Richalet Jean-Paul, Gratadour Pierre, Robach Paul, Pham Isabelle, Déchaux Michèle, Joncquiert-Latarjet Aude, Mollard Pascal, Brugniaux Julien, Cornolo Jérémy
Laboratoire Réponses cellulaires et fonctionnelles à l'hypoxie, Université Paris, Bobigny, France.
Am J Respir Crit Care Med. 2005 Feb 1;171(3):275-81. doi: 10.1164/rccm.200406-804OC. Epub 2004 Oct 29.
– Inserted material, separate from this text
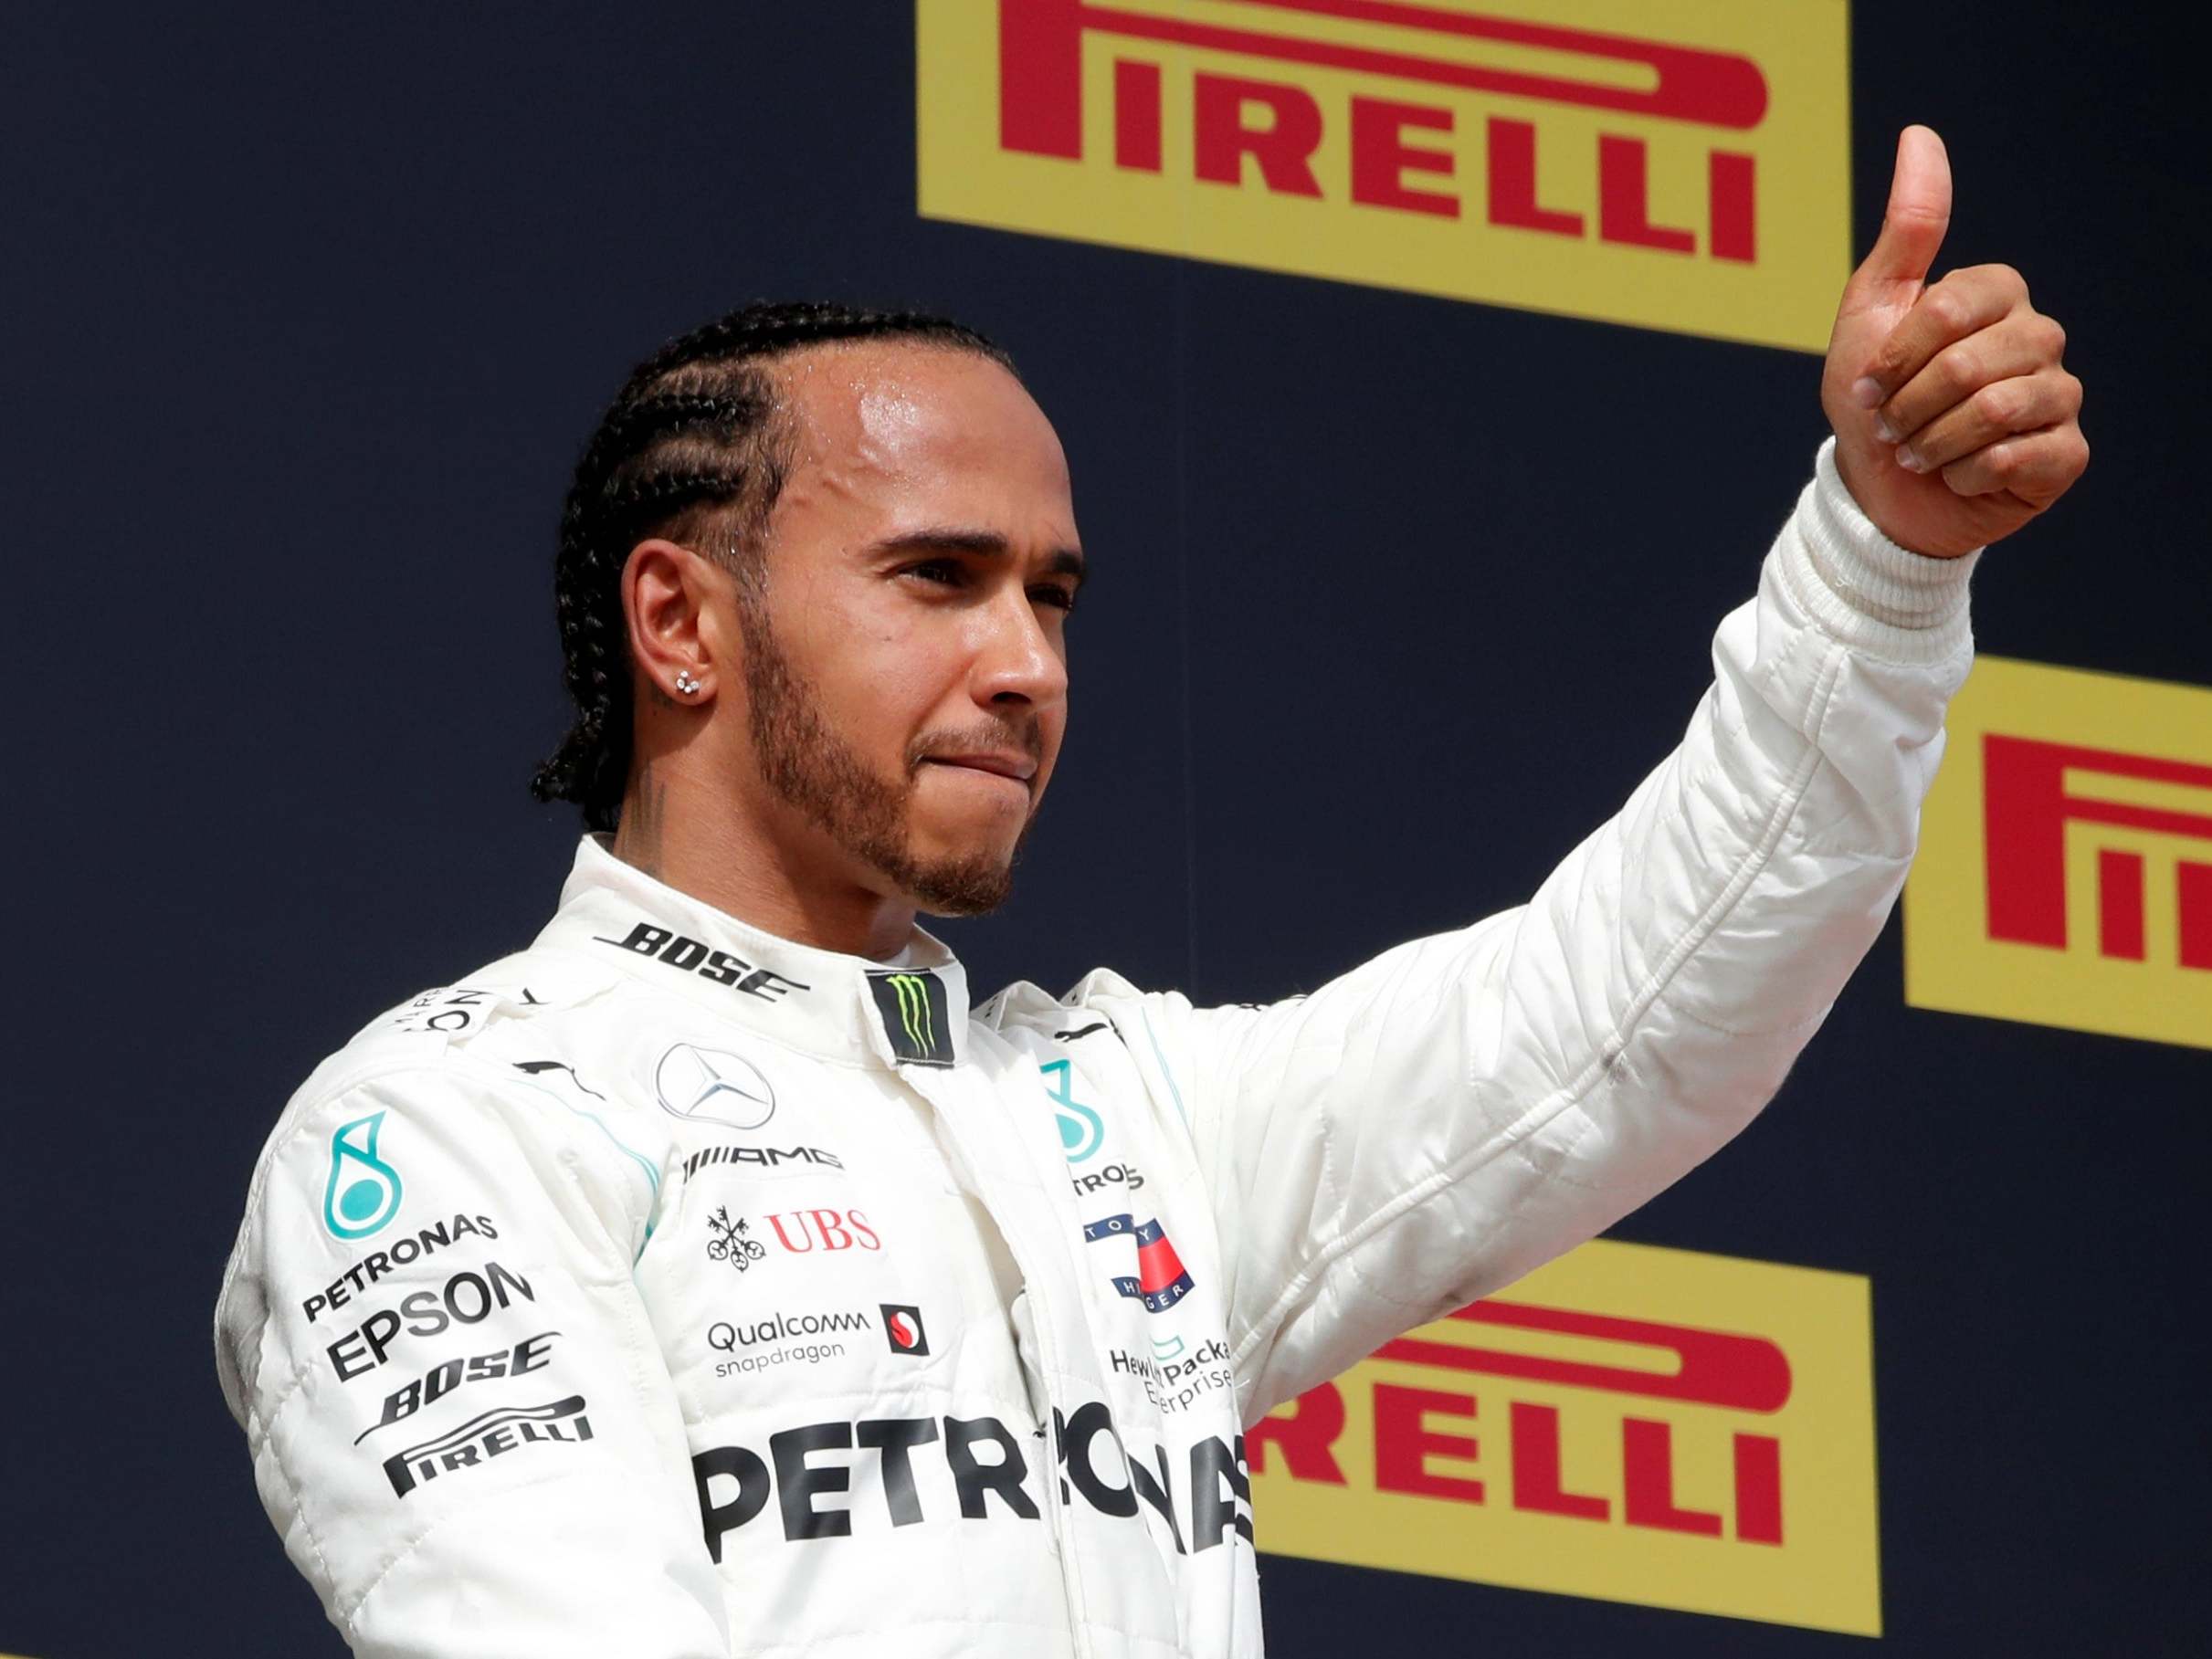 The sport will work with Lewis Hamilton to shape its future

Exposure to high altitude induces pulmonary hypertension that may lead to life-threatening conditions. In a randomized, double-blind, placebo-controlled study, the effects of oral sildenafil on altitude-induced pulmonary hypertension and gas exchange in normal subjects were examined. Twelve subjects (sildenafil [SIL] n = 6; placebo [PLA] n = 6) were exposed for 6 days at 4,350 m. Treatment (3 x 40 mg/day) was started 6 to 8 hours after arrival from sea level to high altitude and maintained for 6 days. Systolic pulmonary artery pressure (echocardiography) increased at high altitude before treatment (+29% versus sea level, p < 0.01), then normalized in SIL (-6% versus sea level, NS) and remained elevated in PLA (+21% versus sea level, p < 0.05). Pulmonary acceleration time decreased by 27% in PLA versus 6% in SIL (p < 0.01). Cardiac output and systemic blood pressures increased at high altitude then decreased similarly in both groups. Pa(O(2)) was higher and alveolar-arterial difference in O(2) lower in SIL than in PLA at rest and exercise (p < 0.05). The altitude-induced decrease in maximal O(2) consumption was smaller in SIL than in PLA (p < 0.05). Sildenafil protects against the development of altitude-induced pulmonary hypertension and improves gas exchange, limiting the altitude-induced hypoxemia and decrease in exercise performance.
暴露于高海拔会诱发肺动脉高压,这可能导致危及生命的状况。在一项随机、双盲、安慰剂对照研究中,研究了口服西地那非对正常受试者高海拔诱发的肺动脉高压和气体交换的影响。12名受试者(西地那非[SIL]组n = 6;安慰剂[PLA]组n = 6)在4350米的高度暴露6天。从海平面到达高海拔6至8小时后开始治疗(每日3次,每次40毫克),并持续6天。治疗前,高海拔时收缩期肺动脉压(超声心动图)升高(与海平面相比升高29%,p < 0.01),然后西地那非组恢复正常(与海平面相比降低6%,无统计学意义),而安慰剂组仍升高(与海平面相比升高21%,p < 0.05)。安慰剂组肺动脉加速时间下降27%,而西地那非组下降6%(p < 0.01)。高海拔时心输出量和体循环血压升高,然后两组均类似地下降。在静息和运动时,西地那非组的动脉血氧分压(Pa(O₂))较高,肺泡-动脉氧分压差较低(p < 0.05)。西地那非组中高海拔诱发的最大氧耗量下降幅度小于安慰剂组(p < 0.05)。西地那非可预防高海拔诱发的肺动脉高压的发生,并改善气体交换,限制高海拔诱发的低氧血症和运动能力下降。